Turunen: Ja, zumindest ist das die Empfehlung der Experten. Wir müssen die Anreize und Sanktionen aber neu denken. Bislang war es ja so, dass die Leistungen von Menschen, die sich etwas dazuverdienen, gekürzt werden. Im schlimmsten Fall wirkt sich ein Zuverdienst also negativ auf das Einkommen aus. Das ist der falsche Anreiz. Möglich wäre es, Menschen, die kleinere Jobs übernehmen oder Weiterbildungen machen, finanziell zu belohnen. Also genau andersherum.

Kein Hype ums Grundeinkommen in Finnland

ZEIT ONLINE: Kritiker des Experiments sagen, dass das Geld zu wenig, der Zeitraum zu kurz und die Fallzahl zu klein war. Kann man aus dem Experiment wirklich Schlüsse ziehen?

Turunen: Ich verstehe die Kritik. Es wäre schön gewesen, eine größere Fallzahl zu haben, auch um zum Beispiel zu prüfen, ob das Anreizsystem unterschiedlich bei verschiedenen sozialen Gruppen wirkt, also ob Frauen beispielsweise eher anfangen zu arbeiten als Männer oder andersherum. Aber das Budget war nun mal begrenzt. Es wird oft übersehen, dass es nicht nur um die 2.000 Leute geht, die das Grundeinkommen bekommen, sondern auch um die Kontrollgruppe: 175.000 Arbeitslose, die es nicht bekommen, aber das gleiche Profil haben.

ZEIT ONLINE: Ist die Debatte um das Grundeinkommen mit dem Auslaufen des Experiments beendet?

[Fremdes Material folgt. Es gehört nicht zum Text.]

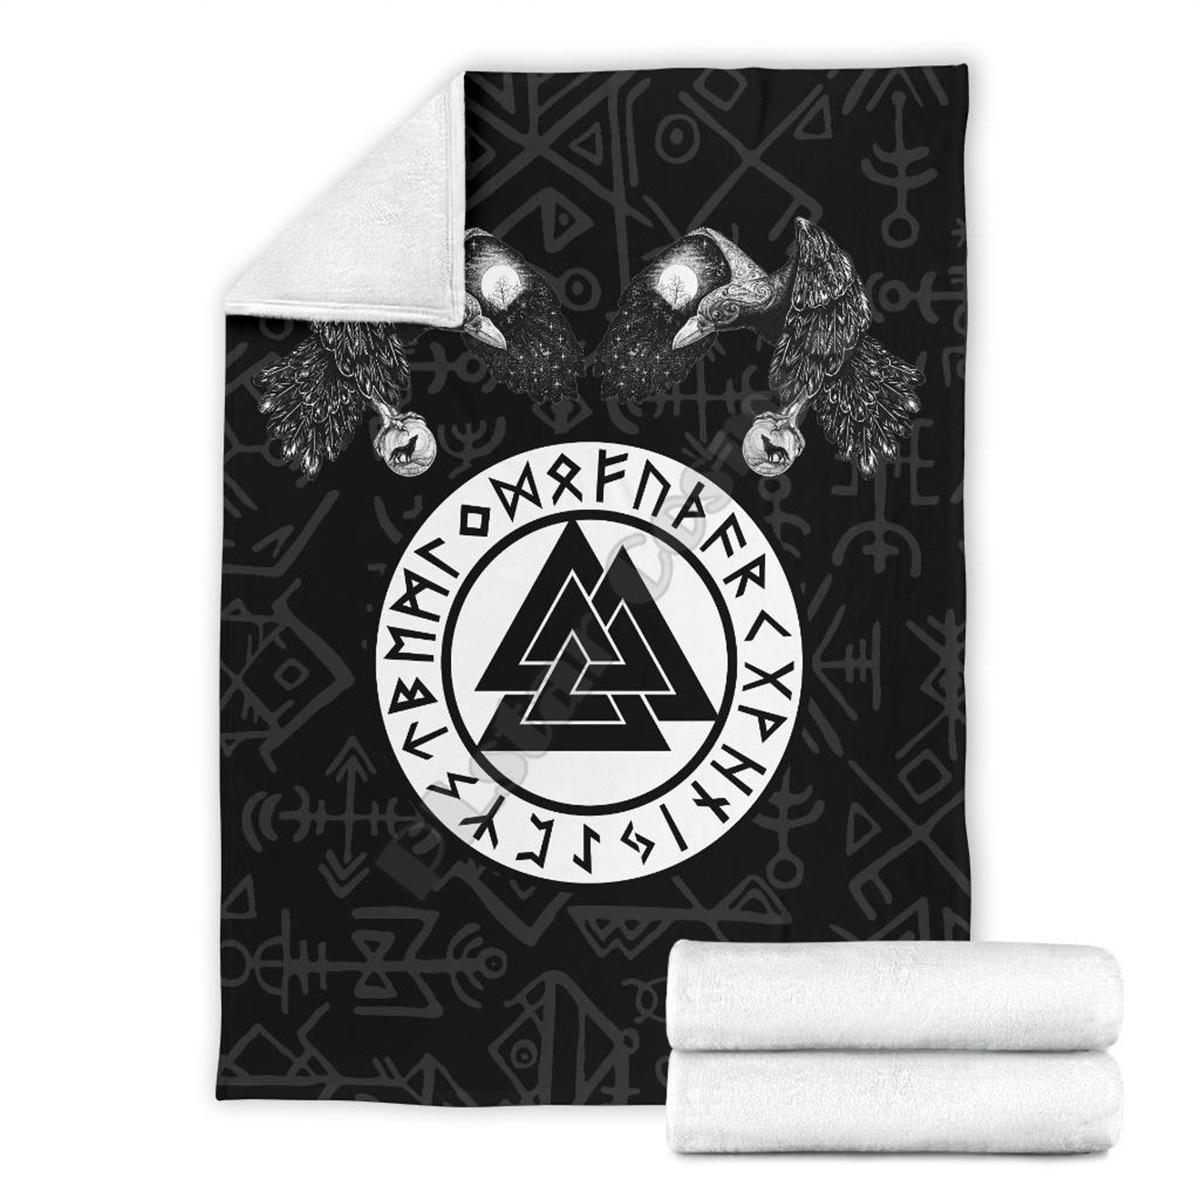 Viking tatuagem fenrir skoll e hati valknut raven 3d impresso cobertor sherpa na cama têxteis para casa dreamlike casa acessórios
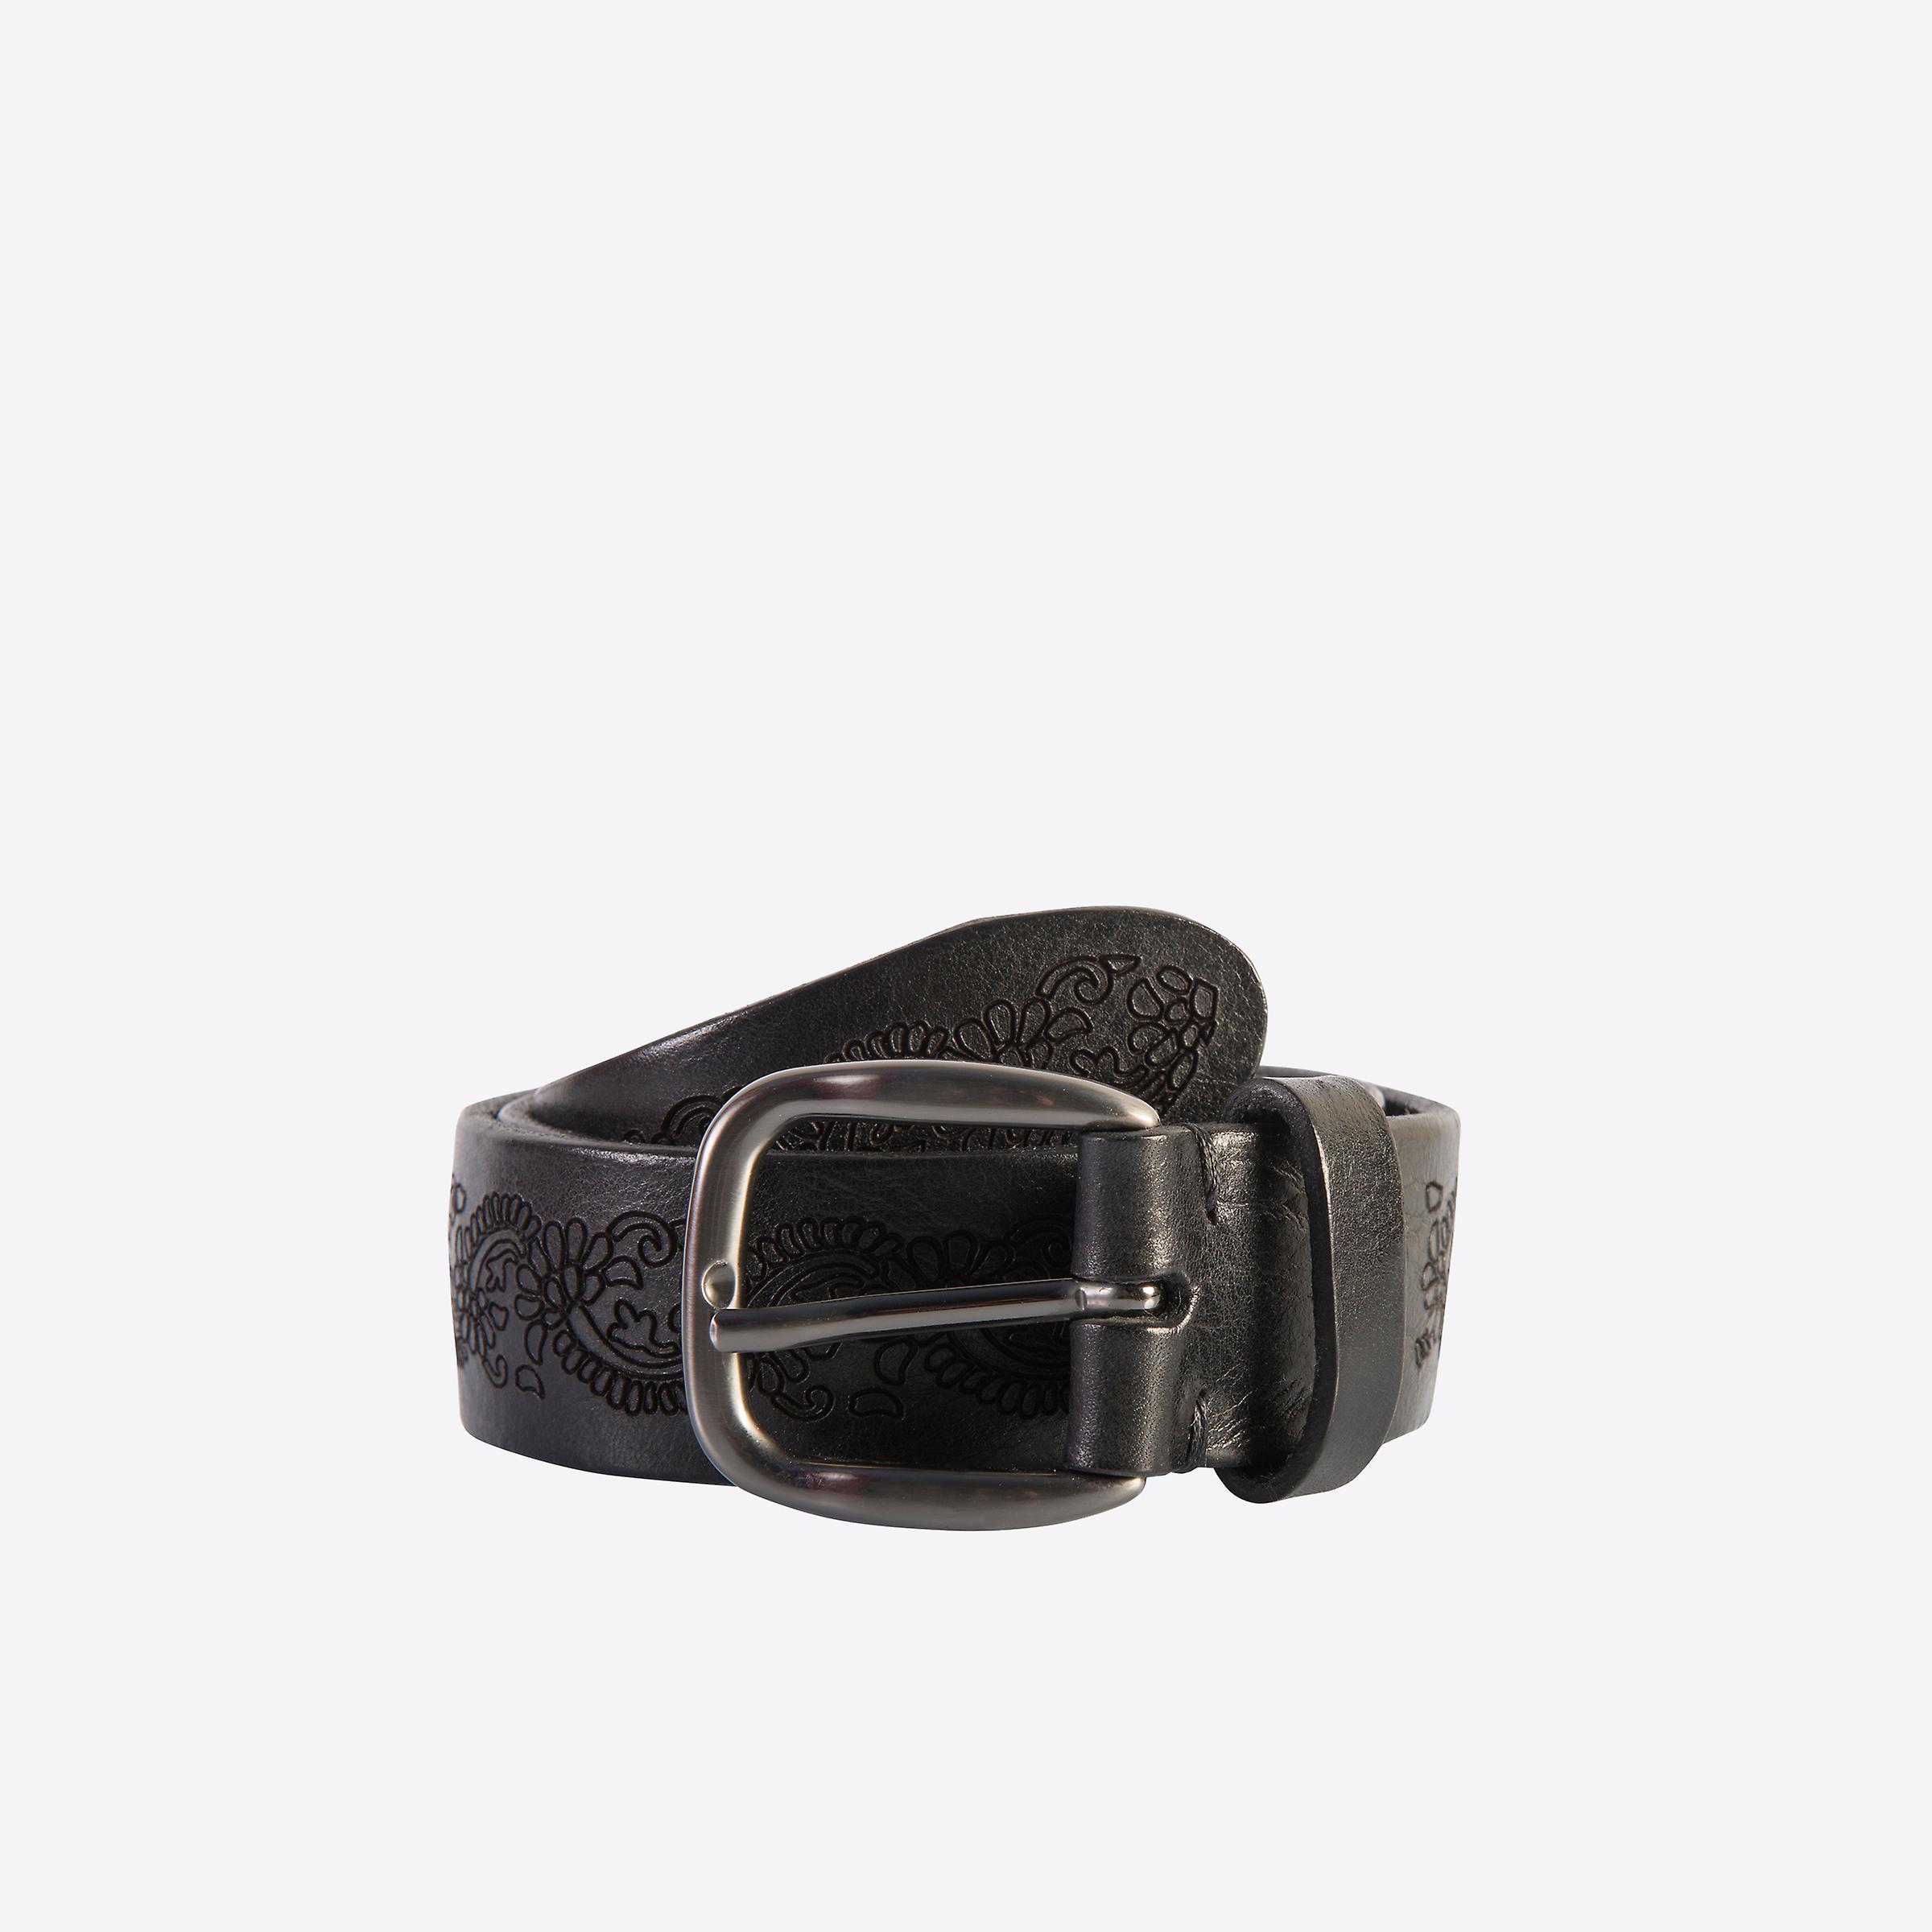 Fabio Giovanni Mantano Belt - High Quality Floral Leather Belt

Turunen: Nein, die Auswertung des Experiments wird genauso in die Sozialreform einer neuen Regierung einfließen wie die Ergebnisse des Expertenausschusses. Ehrlich gesagt ist das Grundeinkommen in Finnland sowieso nicht so heiß diskutiert worden wie in der internationalen Presse. Der Hype um das Grundeinkommen ist hier viel kleiner. Klar, am Anfang haben sich einige beschwert, die nicht von dem Experiment profitiert haben. Aber insgesamt wurde es als das genommen, was es ist: ein Versuch. Wenn die Erfahrungen jetzt dazu beitragen können, dass wir eine ordentliche Sozialreform hinbekommen, ist allen damit geholfen.